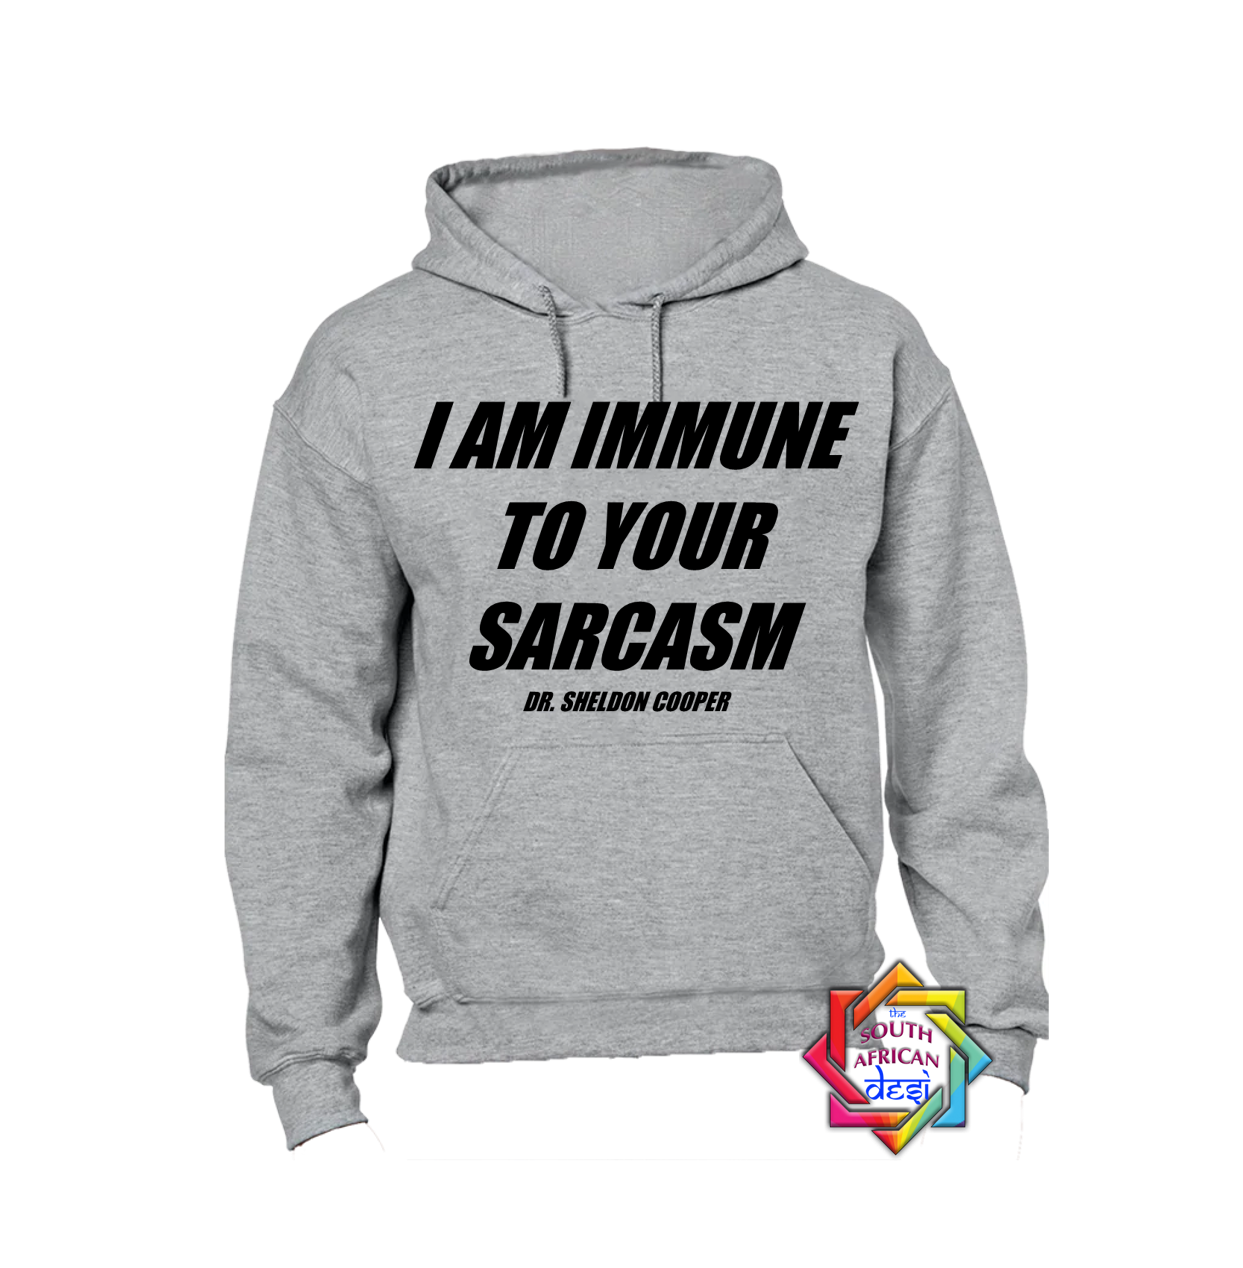 I AM IMMUNE TO YOUR SARCASM - DR SHELDON COOPER | BIG BANG THEORY INSPIRED HOODIE/SWEATER | UNISEX
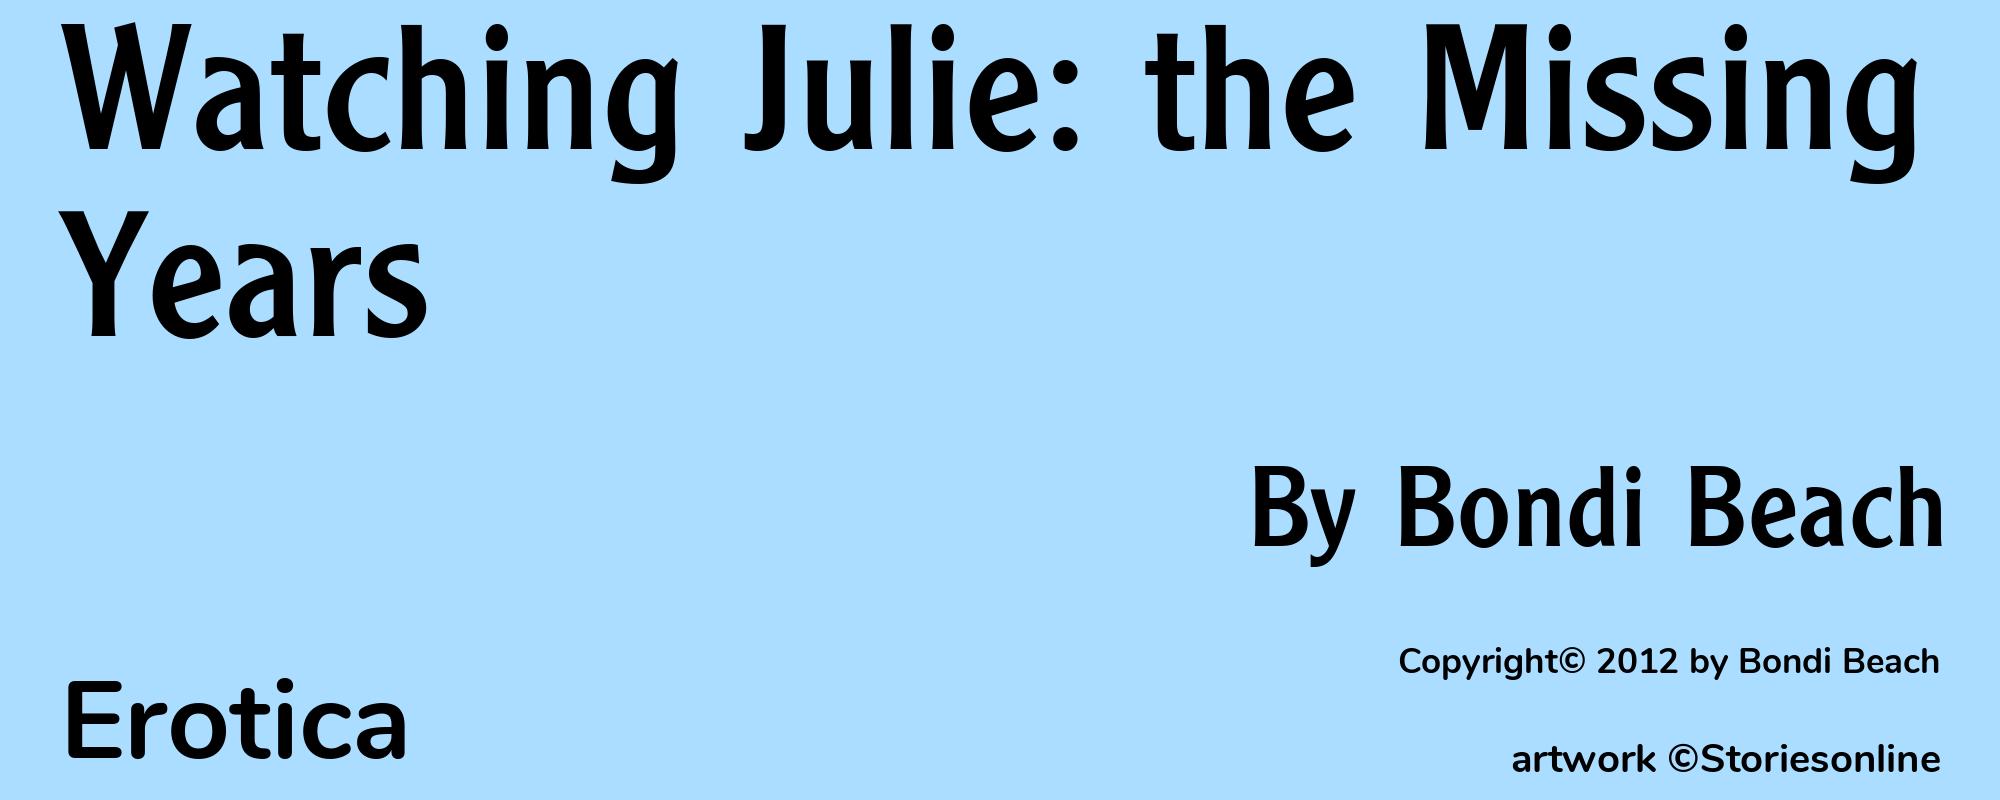 Watching Julie: the Missing Years - Cover
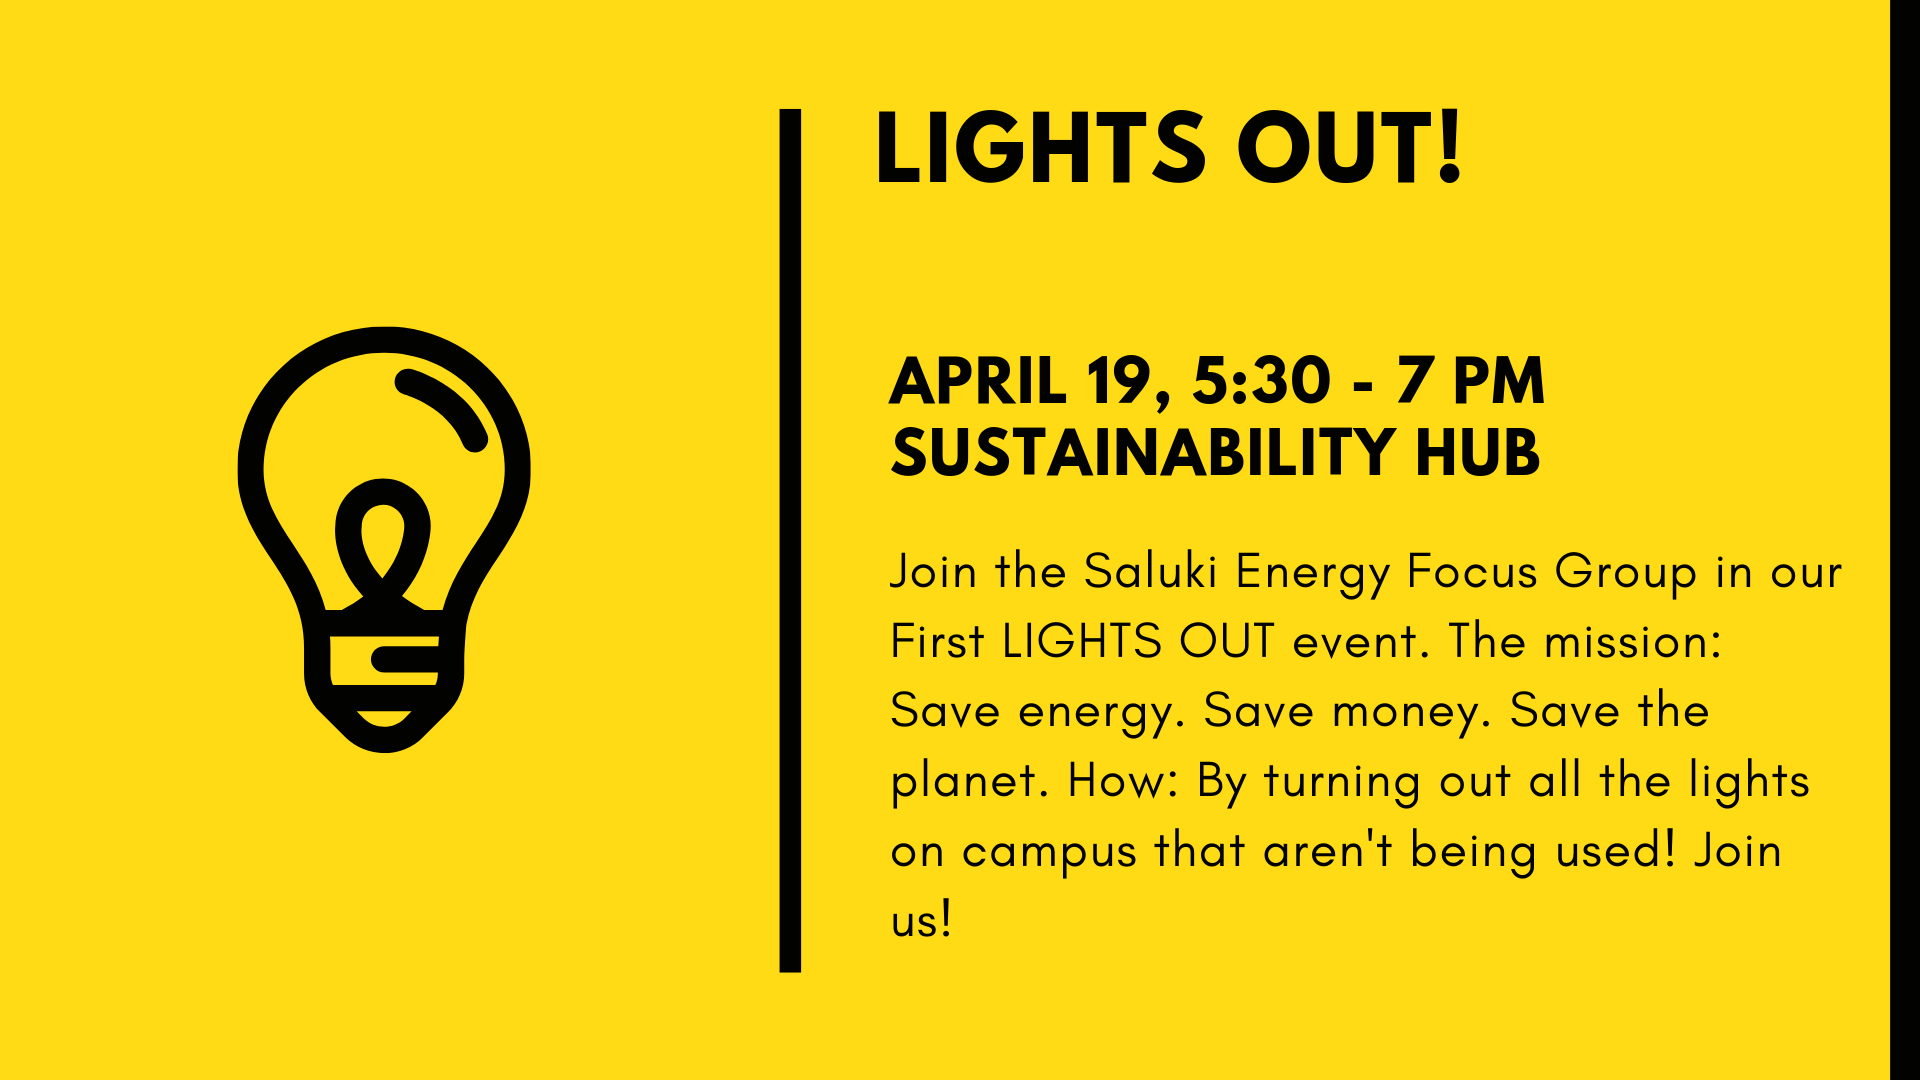 Lights out! April 19, 5:30 - 7 pm Sustainability hub, Join the saluki energy focus gorup in our first LiGHTS OUT event. This mission: Save energy. Save money. Save the planet. How: By turning out all the lights on campus that aren't being used! Join us!

== BRIEF ==
Give every line of the listing above again, exactly, with no images.

== TASK ANSWER ==
 I AM IMMUNE TO YOUR SARCASM - DR SHELDON COOPER | BIG BANG THEORY INSPIRED HOODIE/SWEATER | UNISEX
 Watching Julie: the Missing Years - Cover
 Lights out! April 19, 5:30 - 7 pm Sustainability hub, Join the saluki energy focus gorup in our first LiGHTS OUT event. This mission: Save energy. Save money. Save the planet. How: By turning out all the lights on campus that aren't being used! Join us!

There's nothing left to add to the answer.